No, aun no me lo he montado, espero montarmelo este fin de semana ya que aun no cuento con el dinero para los materiales.


----------



## lolo2n3055 (Oct 29, 2009)

Bueno pues cuantito lo montes, si eres tan amable le echas una fotito y lo grabas para poder ver como funciona, seria una gran labor de tu parte y animarias a los de mas foreros a hacer el montaje.
Bueno, buena suerte con tu montaje, estare atento a los siguientes Links sobre este tema.
Saludos.


----------



## fer_jazz (Oct 29, 2009)

Ok, veré si puedo montarmelo este fin ya que tengo ahorita otras prioridades pero igual y pueder armarlo mientras uds, claro si quieren verdad, la verdad si creo que llegue a funcionar con un correcto montaje se supone que la mayoria de los proyectos de esa revista funcionan.


----------



## anthony123 (Nov 1, 2009)

El receptor se trata de un regenerativo, no creo que tengan mayores problemas para hacerlo funcionar. Aunque seria mejor si implementaran un sistema heterodino con un front end mas elaborado.


----------



## fer_jazz (Nov 2, 2009)

> El receptor se trata de un regenerativo, no creo que tengan mayores problemas para hacerlo funcionar. Aunque seria mejor si implementaran un sistema heterodino con un front end mas elaborado.


 
Anthony123, Me podrias decir en que se diferencia un receptor regenerativo o uno con sistema heterodino? son solo aficionado a la electronica y de RF no tengo nada de información aun, solo me he armado un trasmisor y analizé su funcionamiento pero de ahi en más no se mas de RF.


----------



## anthony123 (Nov 2, 2009)

Acerca del funcionamiento del regenerativo no tngo mucho conocimiento: un oscilador a la misma frecuencia de recepcion (creo que se da un proceso de retroalimentacion con la señal de entrada)

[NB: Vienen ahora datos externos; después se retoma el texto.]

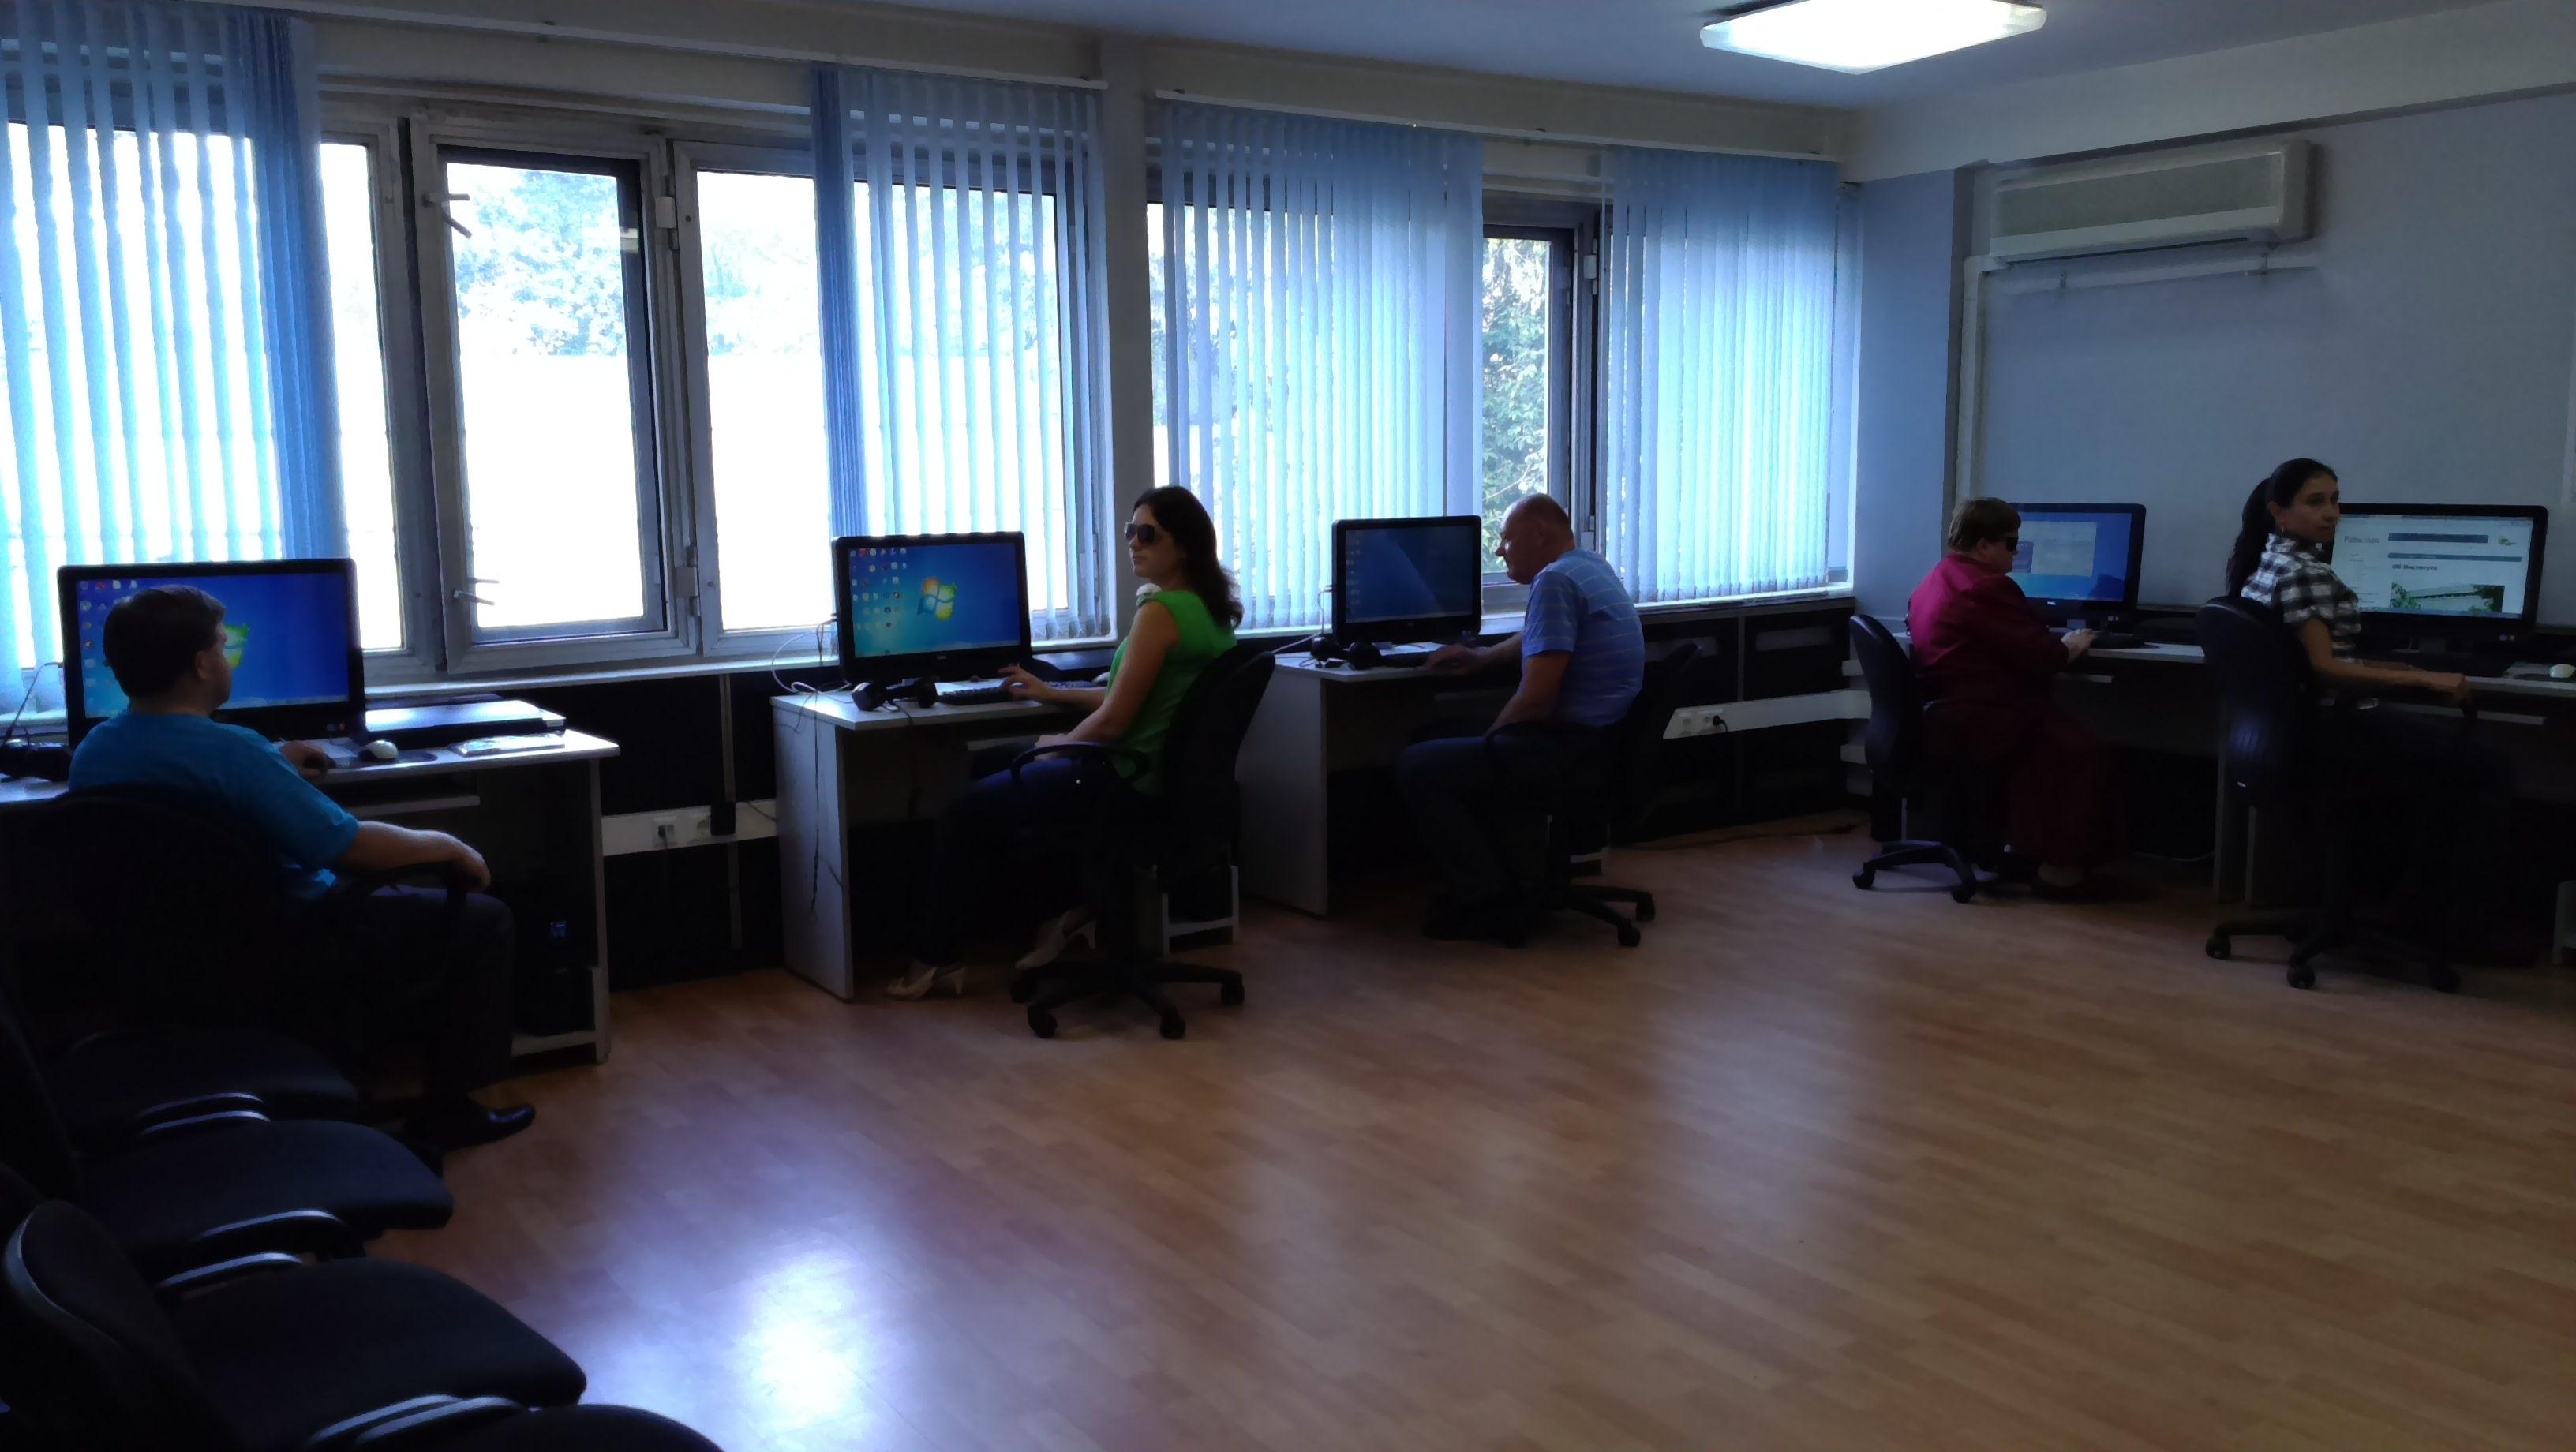 9 сентября начала обучаться группа инвалидов по зрению по заявкам РО ВОС «Информационные технологии (основной курс)»

En la heterodinacion, se emplea un oscilador local para que en conjunto con la señal de entrada (RF) se pueda generar una frecuencia intermedia (FI ó IF en ingles) la cual se "pasa" a traves de filtros que pueden ser de distintas tipologías y comportamientos. Con la presencia de la IF se puede tener un receptor capaz de recibir señales muy adyacentes y débiles (Aunque no le quito el merito a los regenerativos que tienen tambien bastante ganancia pero poca selectividad)

Cualquier cosa pregunta 

Saludos


----------



## fer_jazz (Nov 3, 2009)

Ok anthony123 gracias por aclarar un poco la duda, aun asi tendre que comprar algun libro que sea especificamente de comunicaciones de radio o buscar algun turorial ya que aun tengo mis dudas.
¿Sabes de algun articulo de RF o trasmisores?


----------



## anthony123 (Nov 3, 2009)

Jajajajajaja mi PC esta llena de MB's de información sobre RF, soy amante de ella


----------



## fer_jazz (Nov 3, 2009)

Jajajajaja, deberias de pasarme algun articulo o tutorial para iniciarme bien en RF.


----------



## anthony123 (Nov 4, 2009)

Disculpa Andres, esa norma la tenia un poco oxidada.. saludos y disculpa el inconveniente.!


----------



## Andres Cuenca (Nov 4, 2009)

Anthony, tienes permiso de la ARRL para redistribuir ese material?

Recuerda las normas, en particular esta:



> *2.9* Los usuarios no pueden publicar, solicitar ni difundir información que promueva el plagio, la piratería, la divulgación de números de serie, crack o similares, o copias no autorizadas de material protegido por derechos de autor.


----------